Questions about C ++ switching to C #: A Preliminary Study on Inter-class communication methods in C #

From http://blog.csdn.net/zhuweisky/article/details/415756

In C #, there are no free functions and no free variables. Everything must be encapsulated in the class. In C ++, using global variables for inter-function communication and inter-class communication are common methods. However, this becomes impossible in C, this indeed makes C ++ programmers worried. C # Of course, it has a good reason not to support free functions and free variables, because "freedom" implies factors that affect program robustness and maintainability, such as conflicts and insecurity. Of course, there are many technologies that can solve the problem of inter-class communication in C #. This article introduces several of them.

I. Main class involved in the problem domain

Before the introduction, let's make a description. Generally, we can encapsulate the relevant data elements required for Inter-class communication into a structure, which is called the "communication structure" and mark itInformation structIt is a pure C structure, that is, nothing except public data members. When messages need to be exchanged between classes, a "communication structure" instance can be generated and then transmitted between classes. In addition, I call the information-providing class provider.
Class (hereinafter referred to as provider), the class that receives information is called Master Class (hereinafter referred to as master ). Of course, the two Communication classes can be provider and master. Please note that the provider will appear later
Objects and master objects, which correspond to the provider and master instances.

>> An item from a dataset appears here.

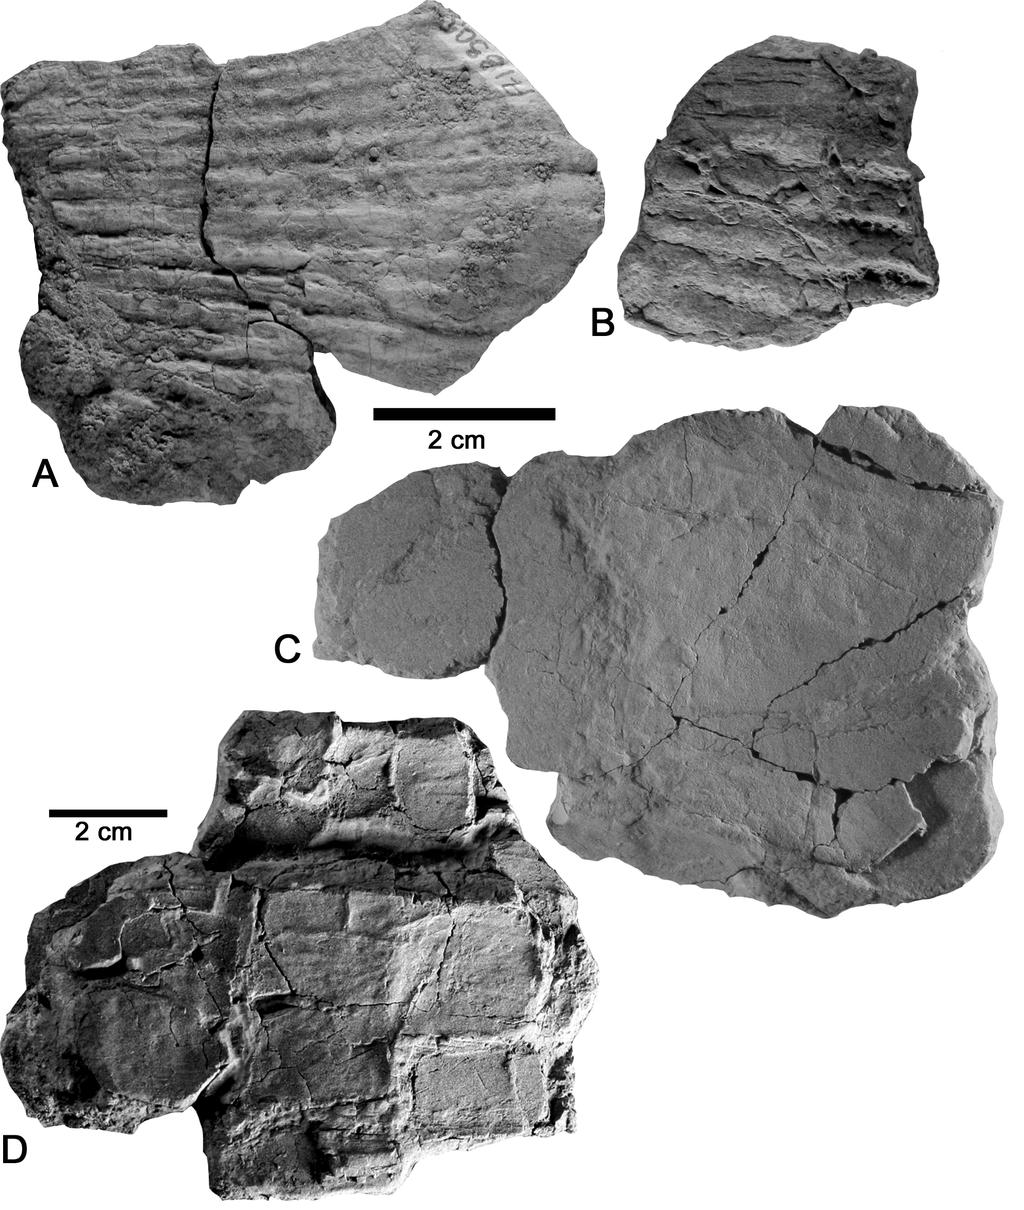 54 FIGURE 3. A, C-D, Tecovasuchus chatterjeei and B, Tecovasuchus sp.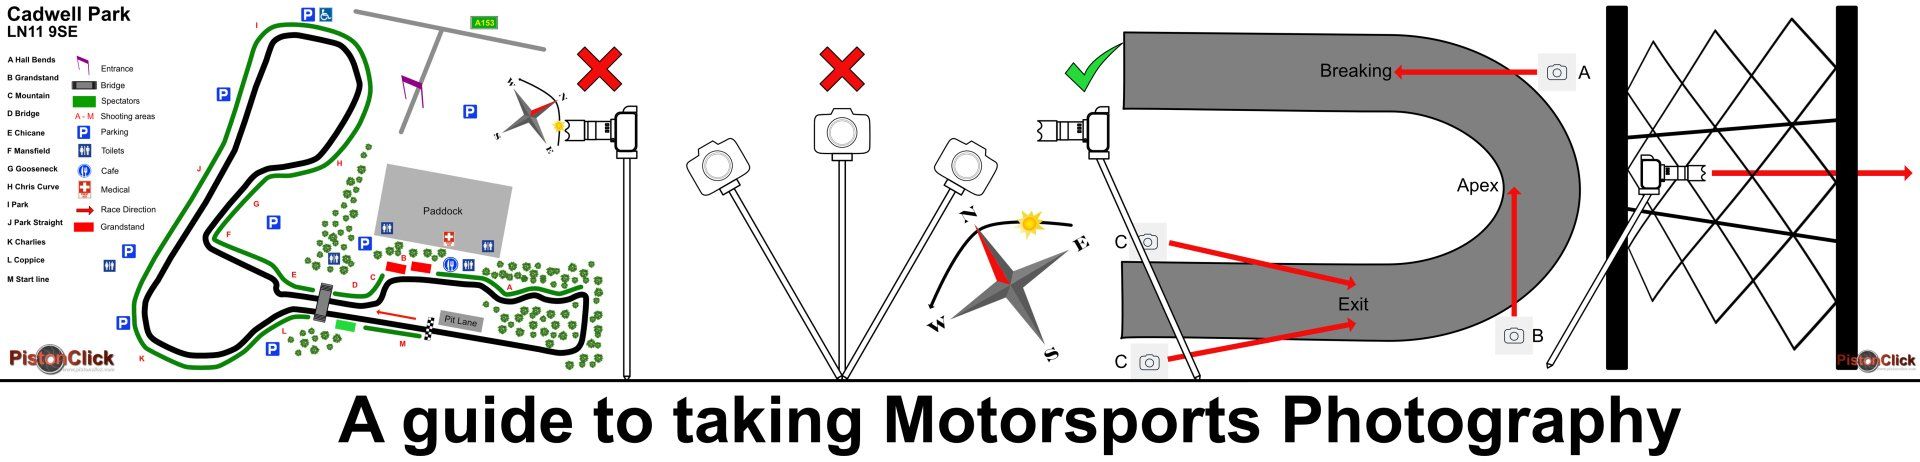 how to take motorsport photos

The master can obtain the required information from the provider in two ways: Forward retrieval and reverse retrieval. Each method has several different implementation methods. I will introduce them one by one.

Ii. Get information positively

The so-called "Forward" gets information, that is, according to the general straight line thinking method, the master needs to obtain information from the provider, and directly let the master access a member of the provider. In this way, the master is active because it always takes the initiative to visit the provider, while the provider is relatively passive.

As expected, there are mainly the following methods.

1.Provider Expose a member variable or attribute

The master can access this member variable or attribute to obtain the required data. This method is convenient for obtaining some simple non-confidential information. Generally, this information can be provided directly by the provider itself and is not easy to change, such as obtaining a control (of course a provider ).
Object) size or color. The disadvantage of this method is that if the data provided by the provider is confidential, this security cannot be guaranteed.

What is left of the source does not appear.